2.9. Statistical Analysis
The Shapiro–Wilk test was employed to evaluate the normality of continuous variables. Categorical variables were presented as numbers and percentages, while continuous variables were expressed as means with standard deviations (SDs) or medians with interquartile ranges (IQRs), depending on their distribution. PS matching was performed using a logistic regression model that included the following covariates: age, sex, body mass index (BMI), history of abdominal surgery, comorbidities (diabetes mellitus and hypertension), liver fat percentage, preoperative laboratory values (white blood cell count, hemoglobin, platelet count, urea nitrogen, creatinine, albumin, AST, ALT, total bilirubin, sodium, potassium, chloride, INR, PT, aPTT), preoperative vital signs (mean blood pressure and heart rate), and intraoperative variables (operation duration, blood loss, transfusion amounts, fluid infusion rate, urine output, average intraoperative mean blood pressure, and heart rate). These covariates were selected based on their potential influence on postoperative pain and opioid consumption. PS score matching was conducted using a 1:1 nearest-neighbor algorithm without replacement. For statistical comparisons, categorical data were analyzed using either the chi-squared test or Fisher’s exact test, while continuous data were evaluated with Student’s t-test or the Mann–Whitney U test, based on the normality of their distribution. A two-tailed p-value of less than 0.05 was considered statistically significant. Data analyses were performed using R software (version 2.10.1; R Foundation for Statistical Computing, Vienna, Austria), and graphical outputs were generated with Microsoft Excel (Microsoft Corporation, Redmond, WA, USA).
3. Results
3.1. Demographic Features of the Study Population
Table 1 presents the baseline preoperative and intraoperative characteristics of patients in the nefopam and non-nefopam groups, both before and after propensity score matching. Before matching, 301 patients were included in the non-nefopam group and 151 in the nefopam group.
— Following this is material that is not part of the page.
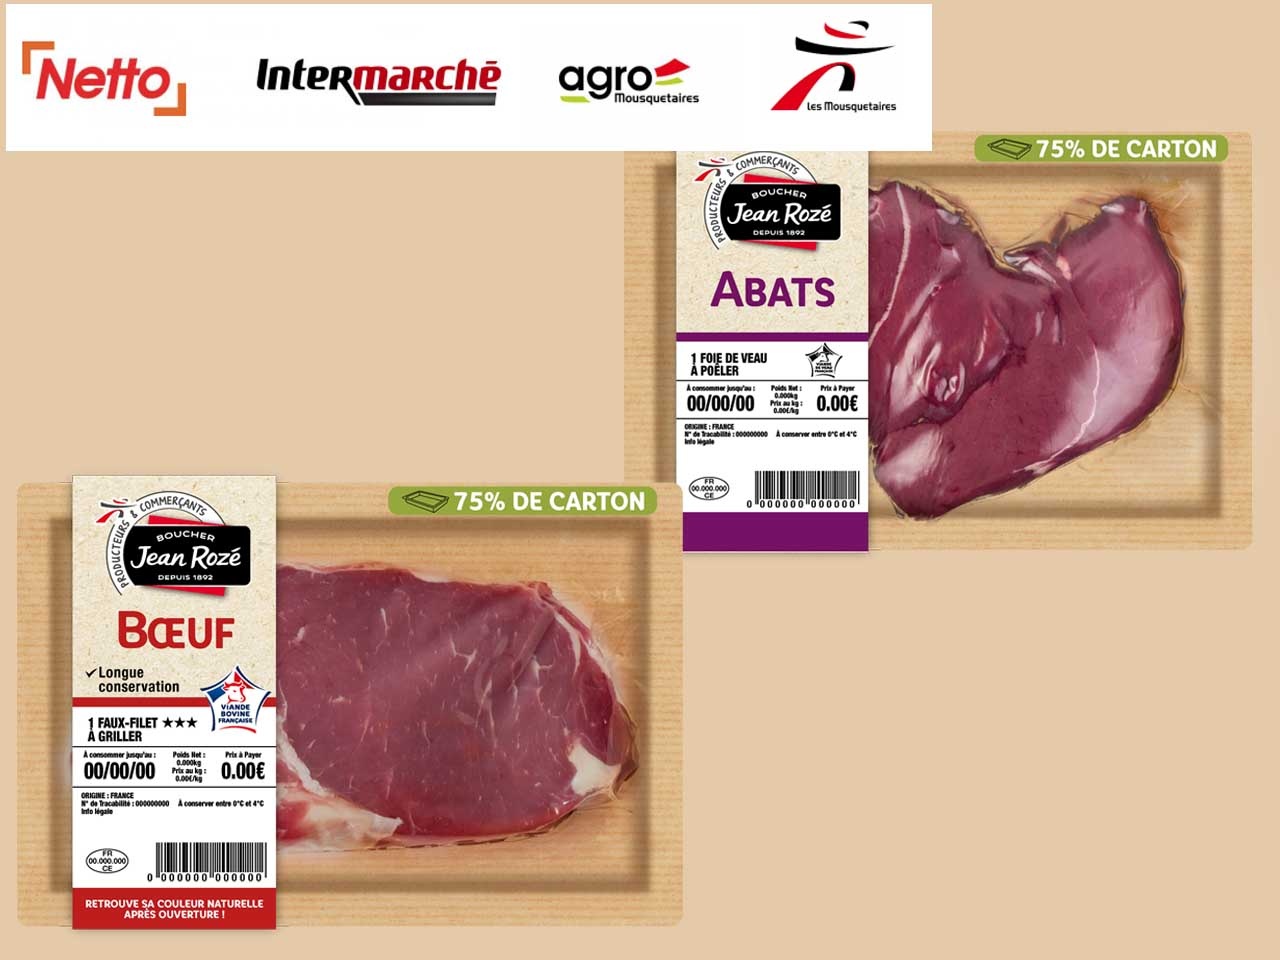 Les enseignes alimentaires du Groupement Les Mousquetaires ainsi qu’Agromousquetaires lancent un nouvel emballage responsable pour 31 références de viande

A significant difference was observed in AST levels, which were higher in the nefopam group than in the non-nefopam group (21.1 ± 8.6 U/L vs. 19.9 ± 6.3 U/L, p = 0.009). However, other baseline characteristics, including age, sex, BMI, comorbidities (diabetes mellitus and hypertension), history of abdominal surgery, and laboratory parameters such as hemoglobin, platelet count, liver fat percentage, and electrolytes, did not differ significantly between the groups.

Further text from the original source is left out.